Detail-oriented MSc candidate in Artificial Intelligence with experience developing production-level machine learning systems, specialising in computer vision, deep learning and time-series modelling. Skilled in Python and contemporary ML frameworks, delivering measurable performance improvements and end-to-end data pipelines. Seeking a Machine Learning Engineer position to implement reliable, data-driven solutions.
YOLO Object Detection & Synthetic Dataset Generation
• Built an object detection model with YOLO and PyTorch that reached around 90% accuracy on a custom dataset.
• Generated 4,000+ synthetic training images with automated annotation to overcome limited real-world data, then improved results through data augmentation and model tuning.
Blockchain-Enabled Hyperlocal Air Quality Monitoring
• Designed a privacy-preserving IoT system for street-level air monitoring in Bristol, using LoRaWAN sensors, Raspberry Pi edge gateways and a random forest model to calibrate low-cost sensors locally so raw data never leaves the neighbourhood.

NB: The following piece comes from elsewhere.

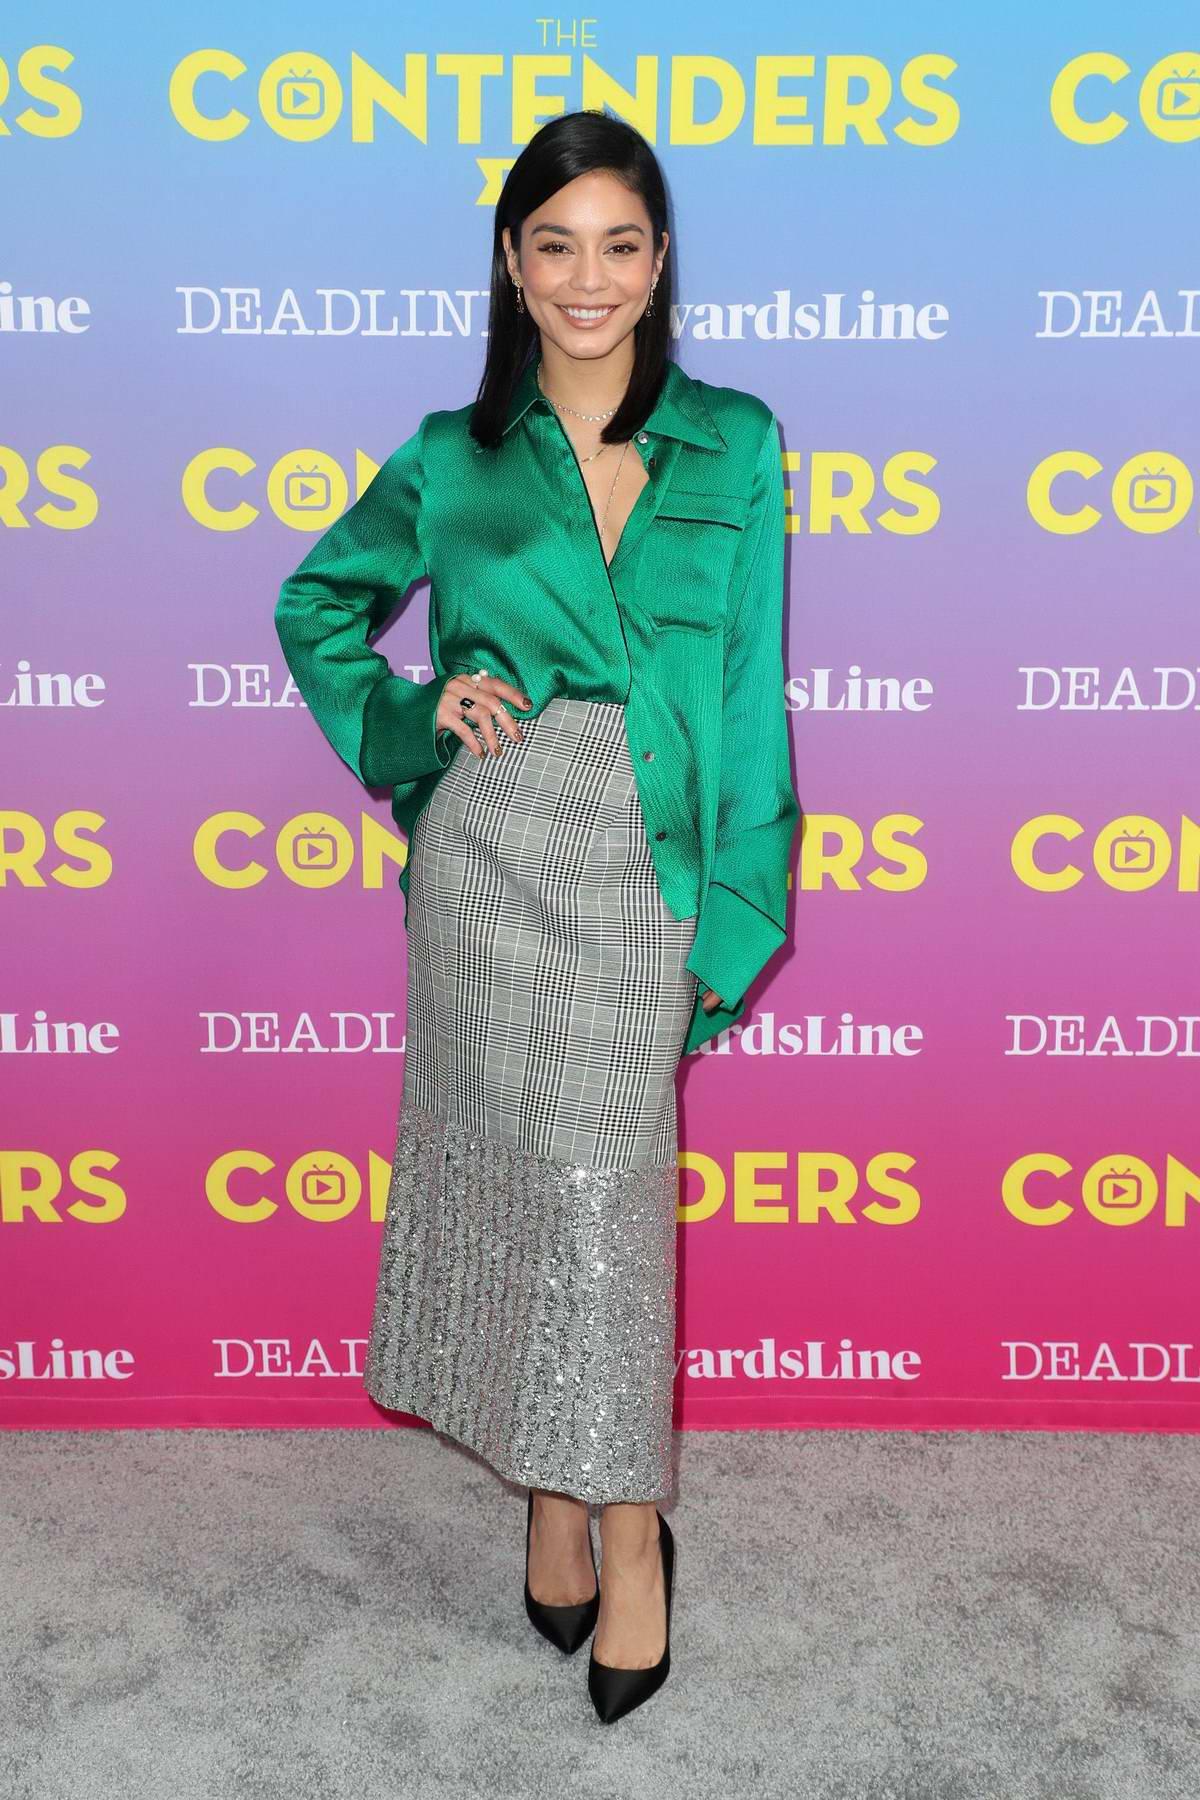 Vanessa Hudgens attends Deadline Contenders Emmy Event Panels in Los Angeles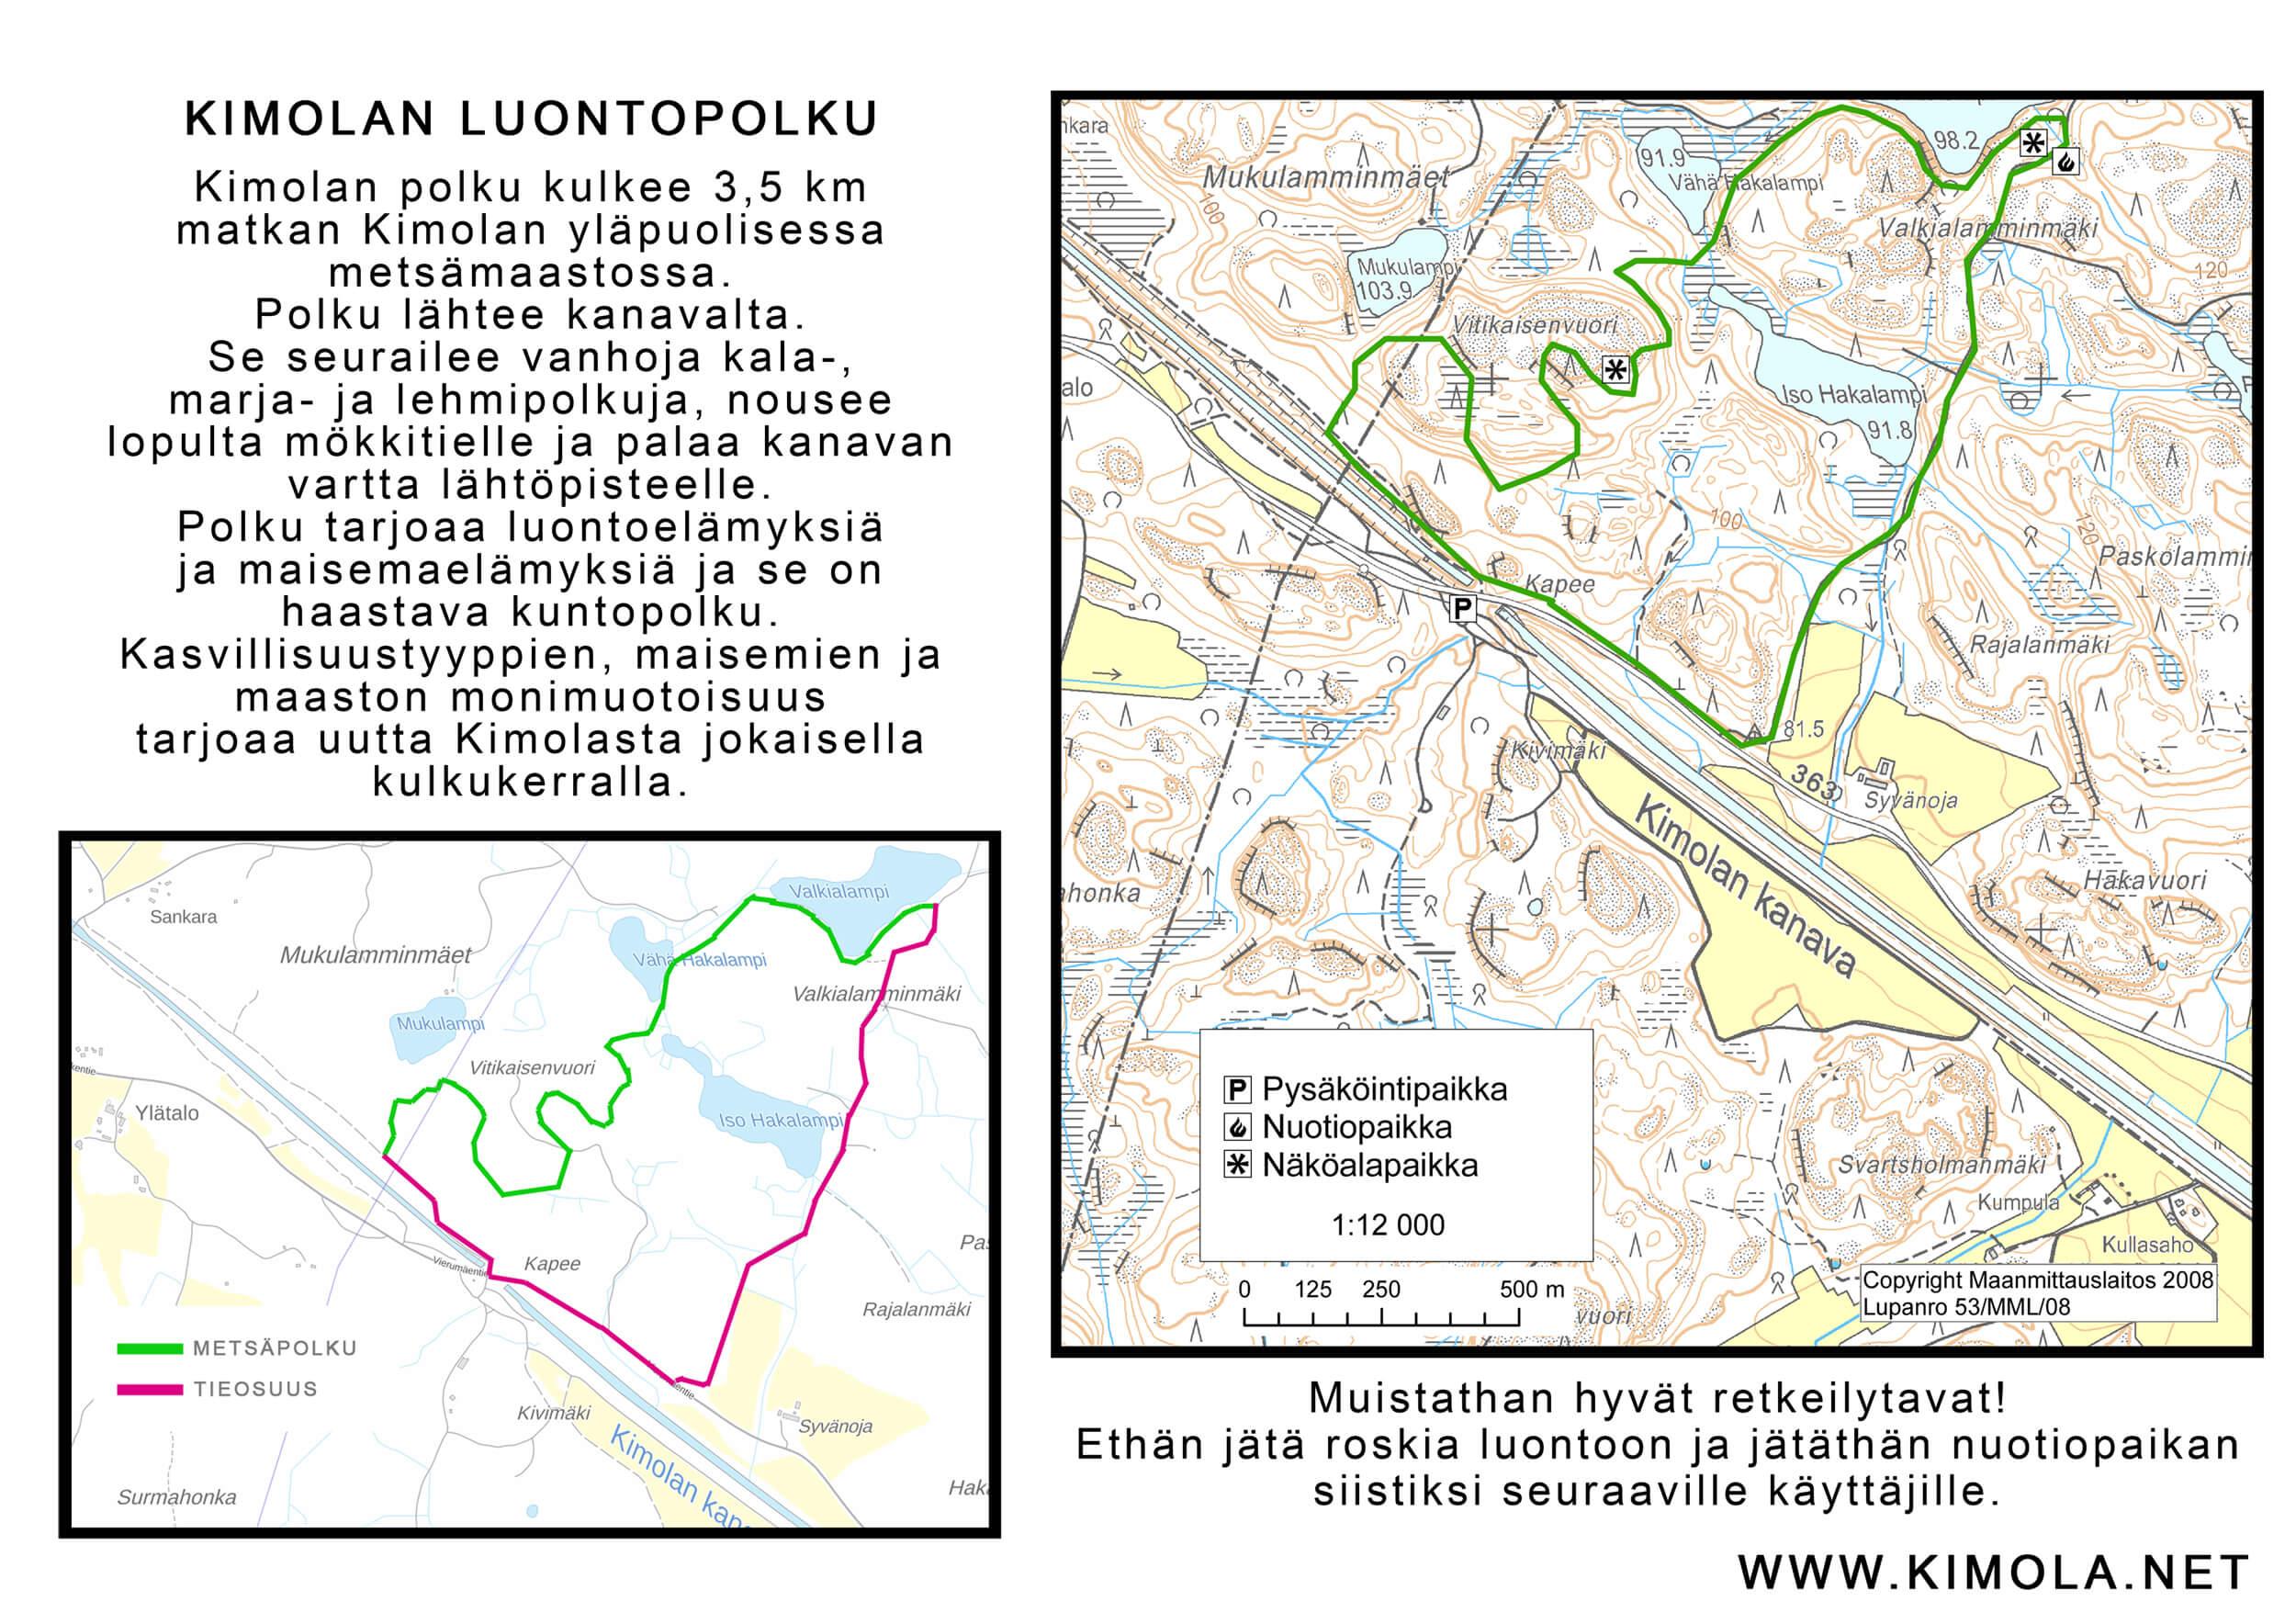 Kimolan luontopolku kartta

• Added a blockchain audit layer for tamper-proof data-access logging and a generative design (genetic algorithm) solver to optimise sensor placement for health coverage and privacy, at ~1/20th the cost of a reference station.
Malicious URL Detector (Django)
• Built a web app classifying URLs as safe or malicious, integrating the VirusTotal API for real-time threat analysis.